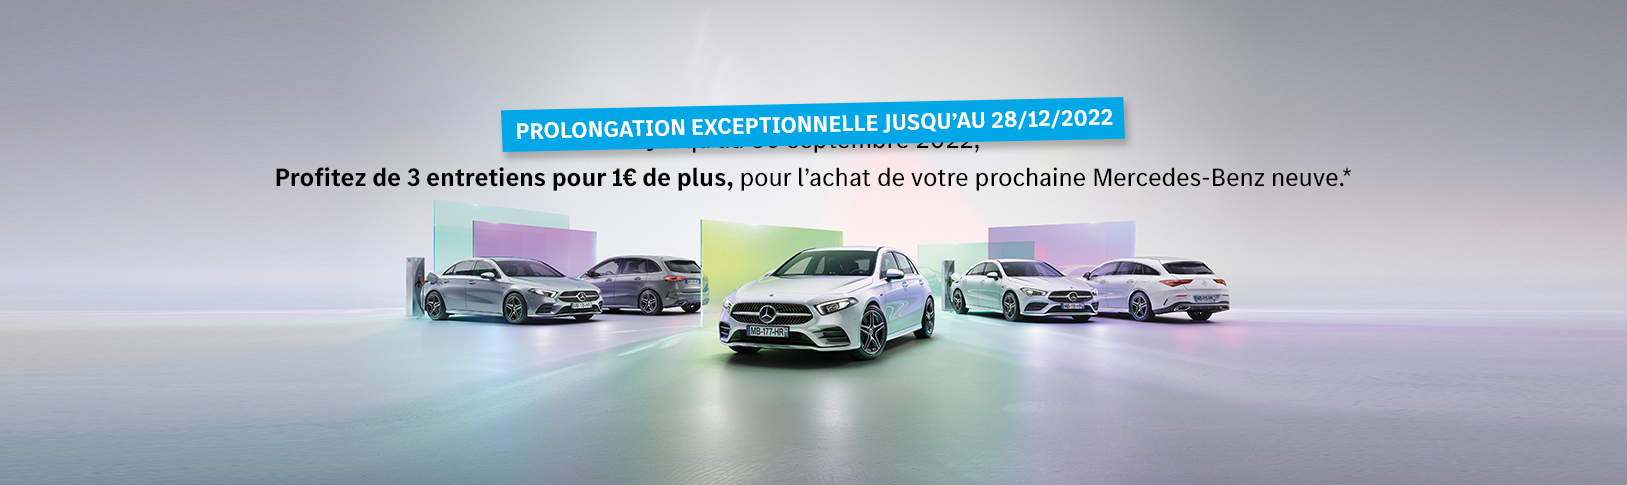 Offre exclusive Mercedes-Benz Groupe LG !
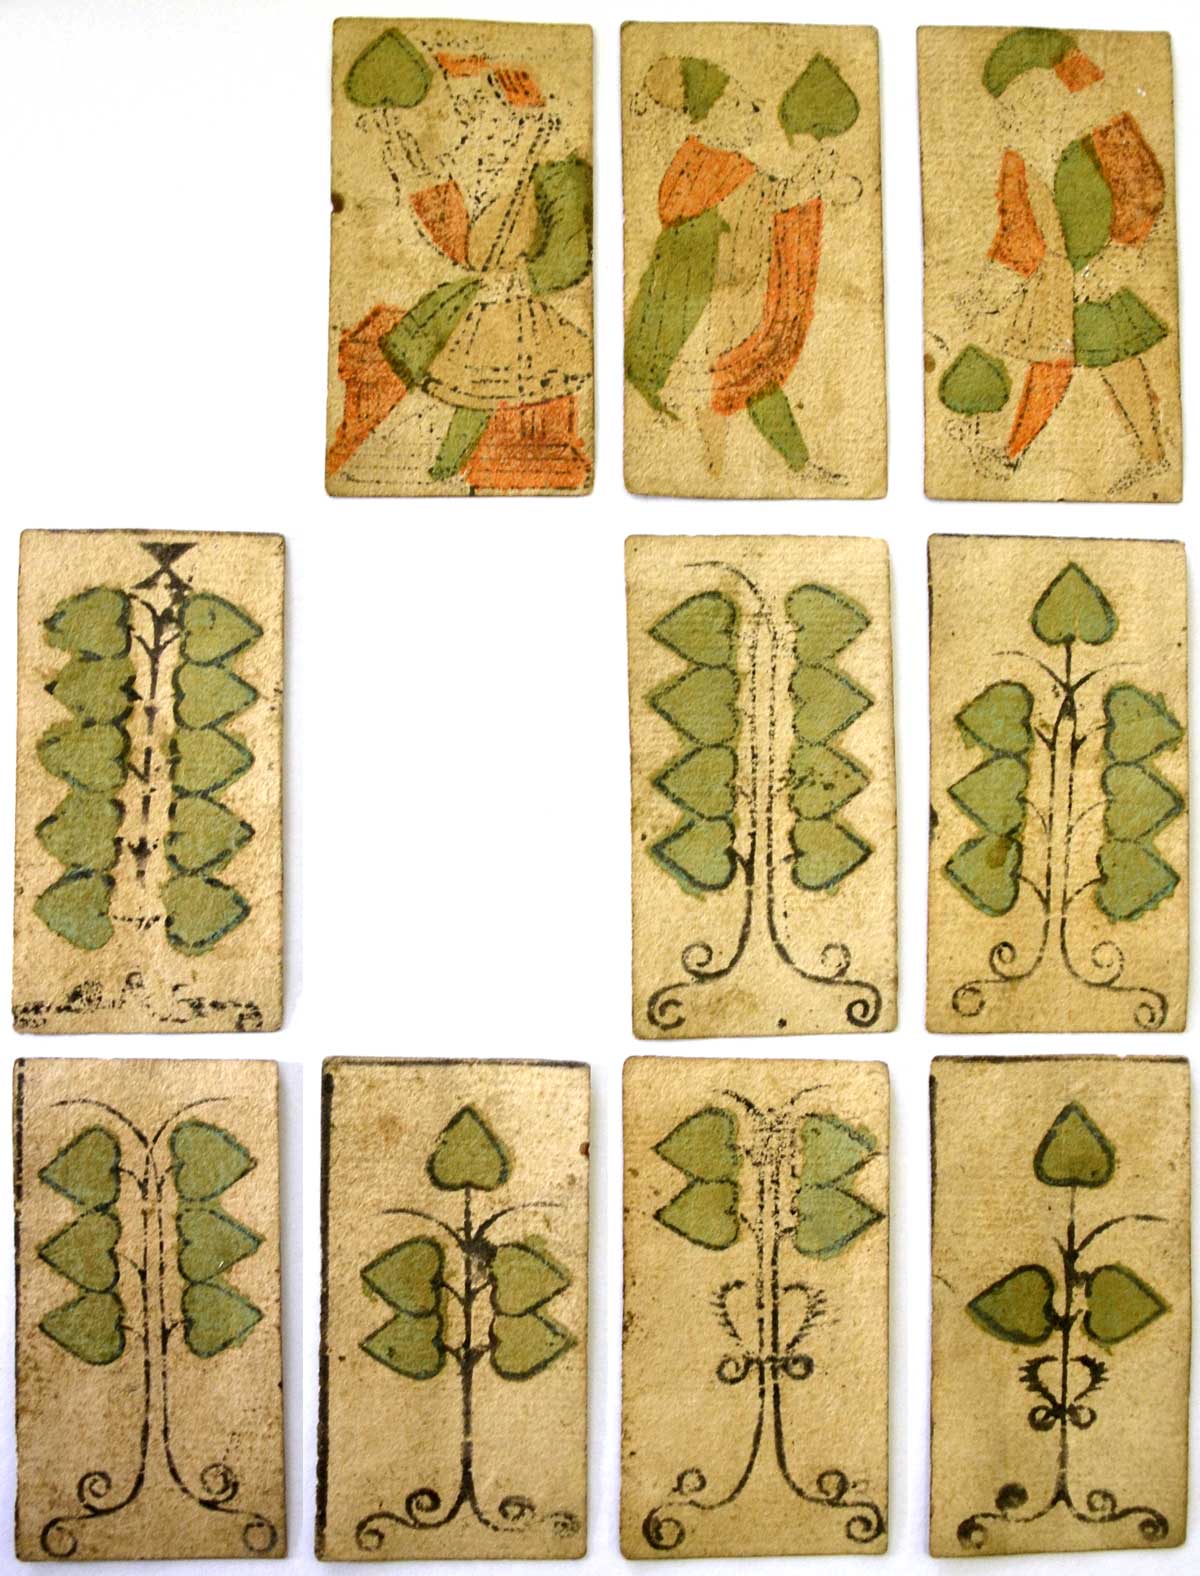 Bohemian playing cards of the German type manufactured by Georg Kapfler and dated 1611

++++++

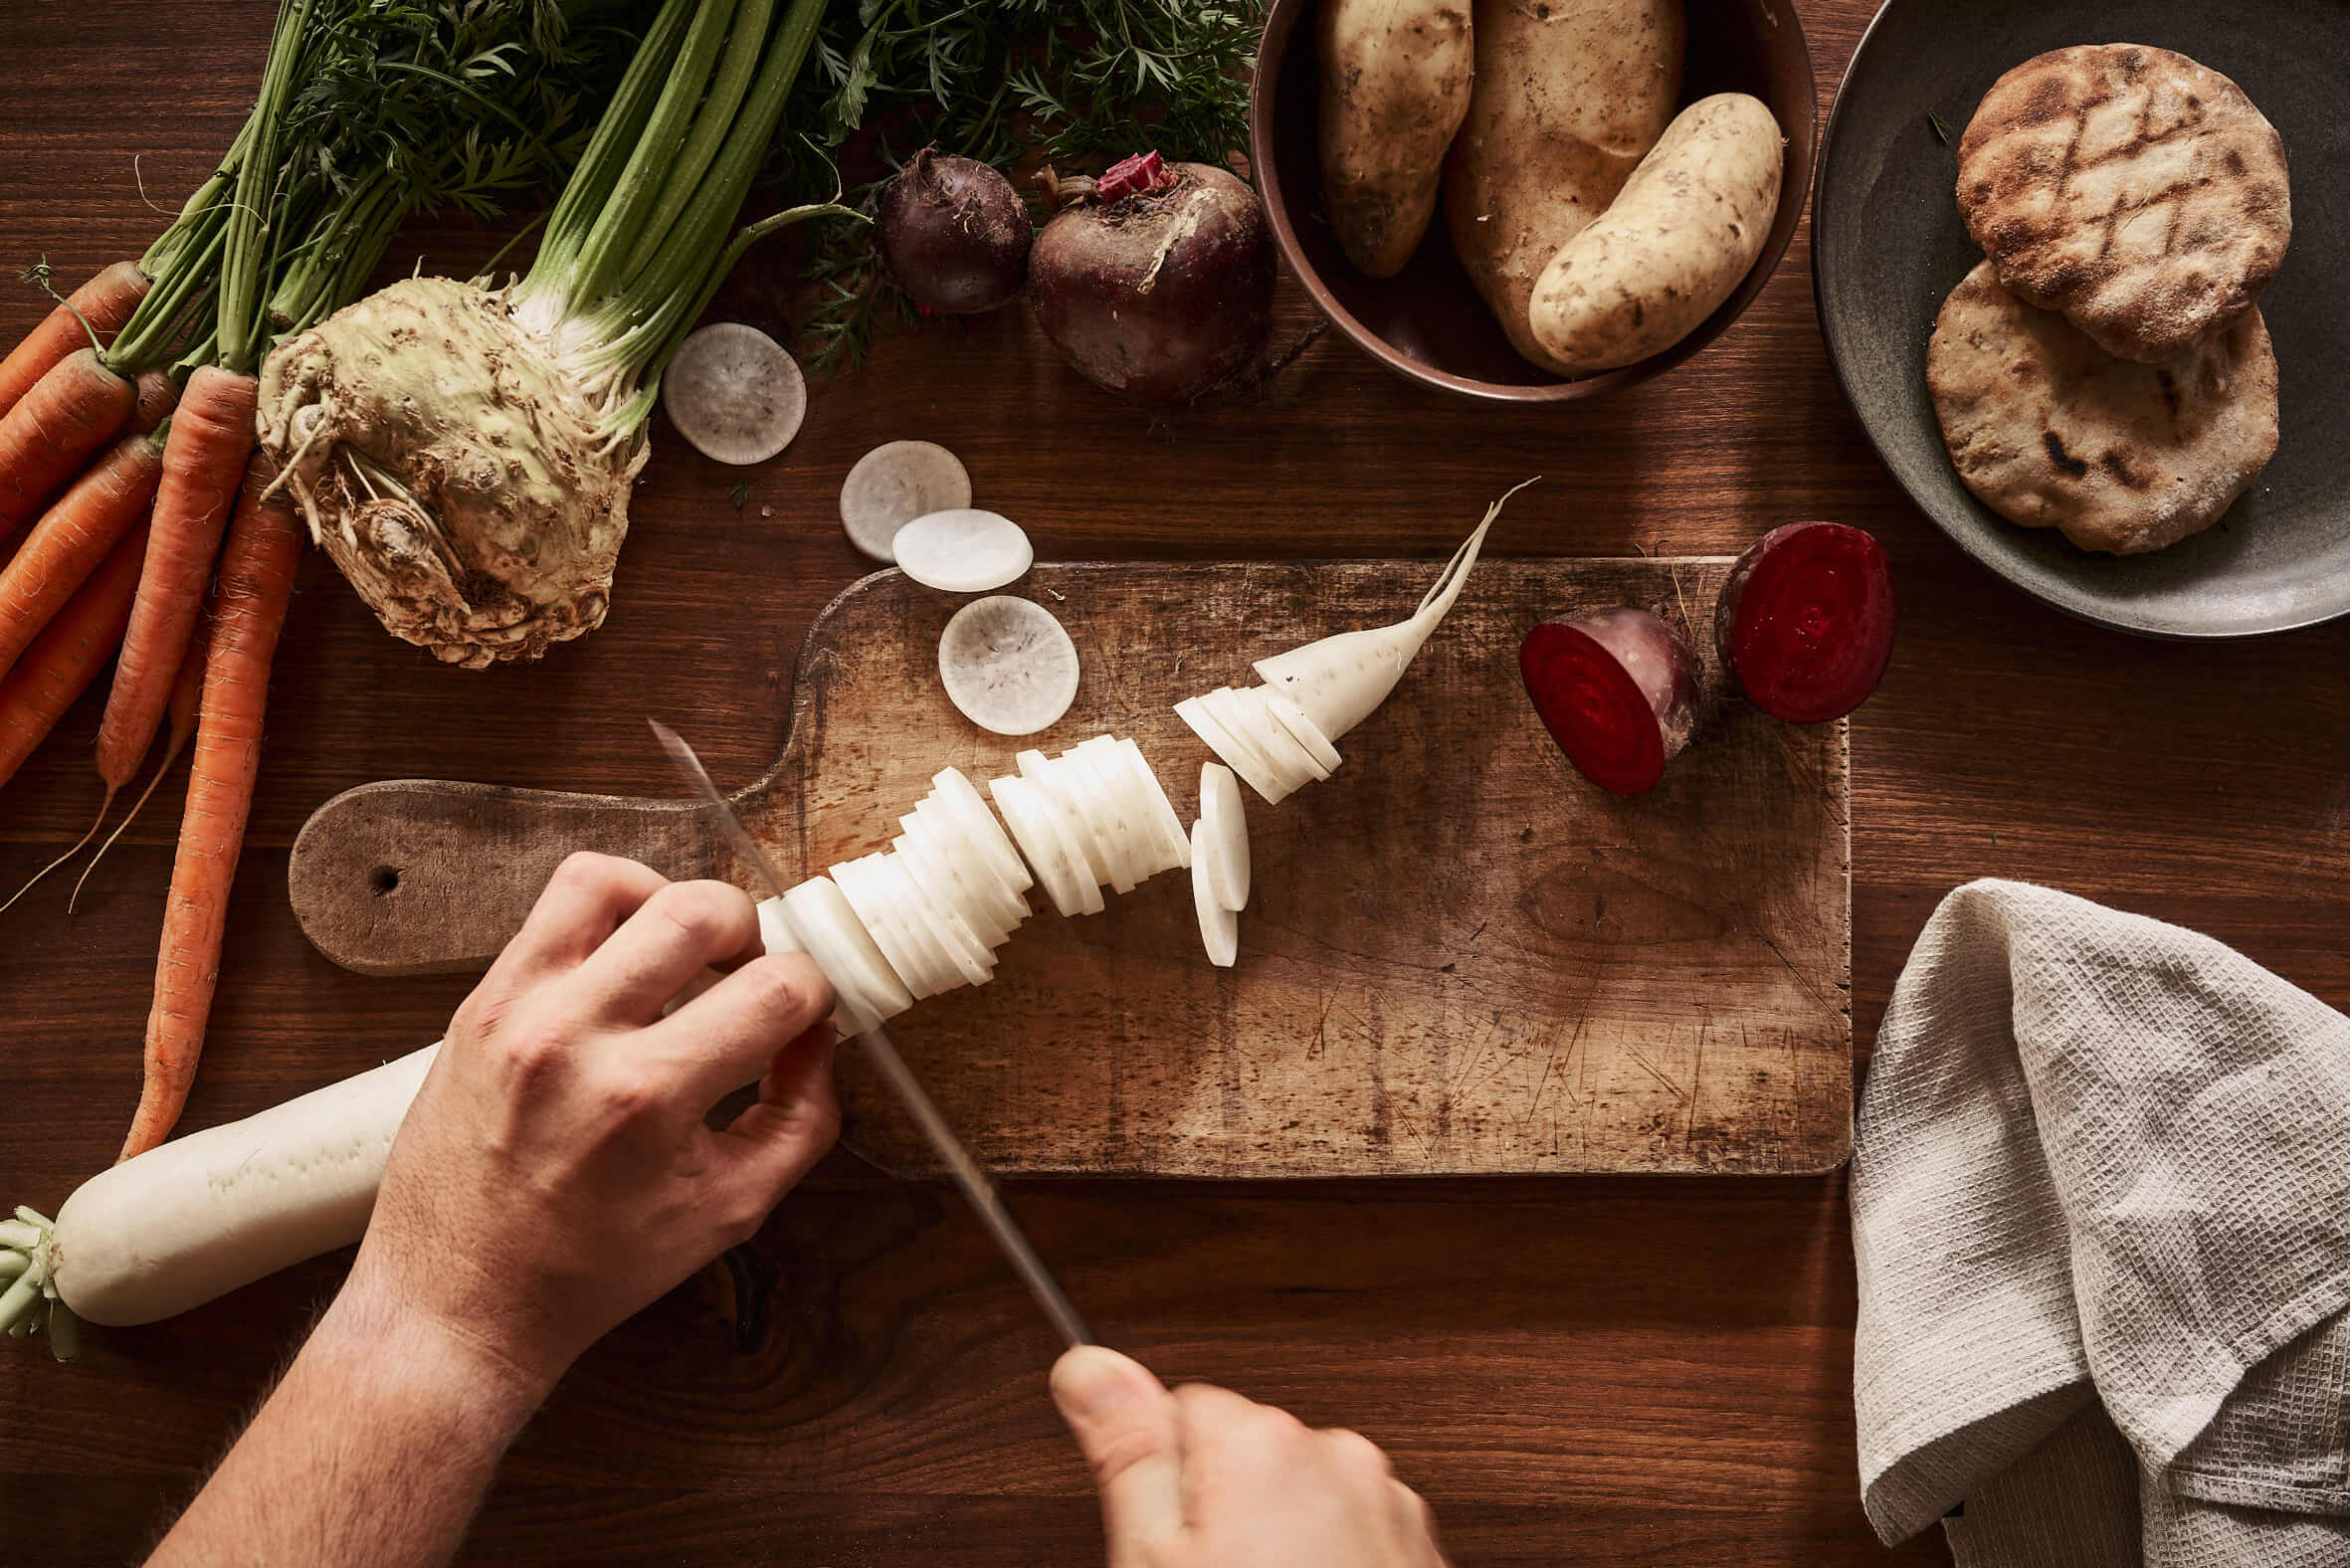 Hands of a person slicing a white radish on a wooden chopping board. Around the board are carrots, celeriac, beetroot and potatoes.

++++++

▶ _EXERCISE INSTRUCTIONS_
Give back, exactly and without pictures, the stretch of the records above from the line containing "Offre exclusive Mercedes-Benz Groupe LG !" through the line containing "Bohemian playing cards", with both end lines included.

▶ _EXERCISE RESULT_
 Offre exclusive Mercedes-Benz Groupe LG !
 Bohemian playing cards of the German type manufactured by Georg Kapfler and dated 1611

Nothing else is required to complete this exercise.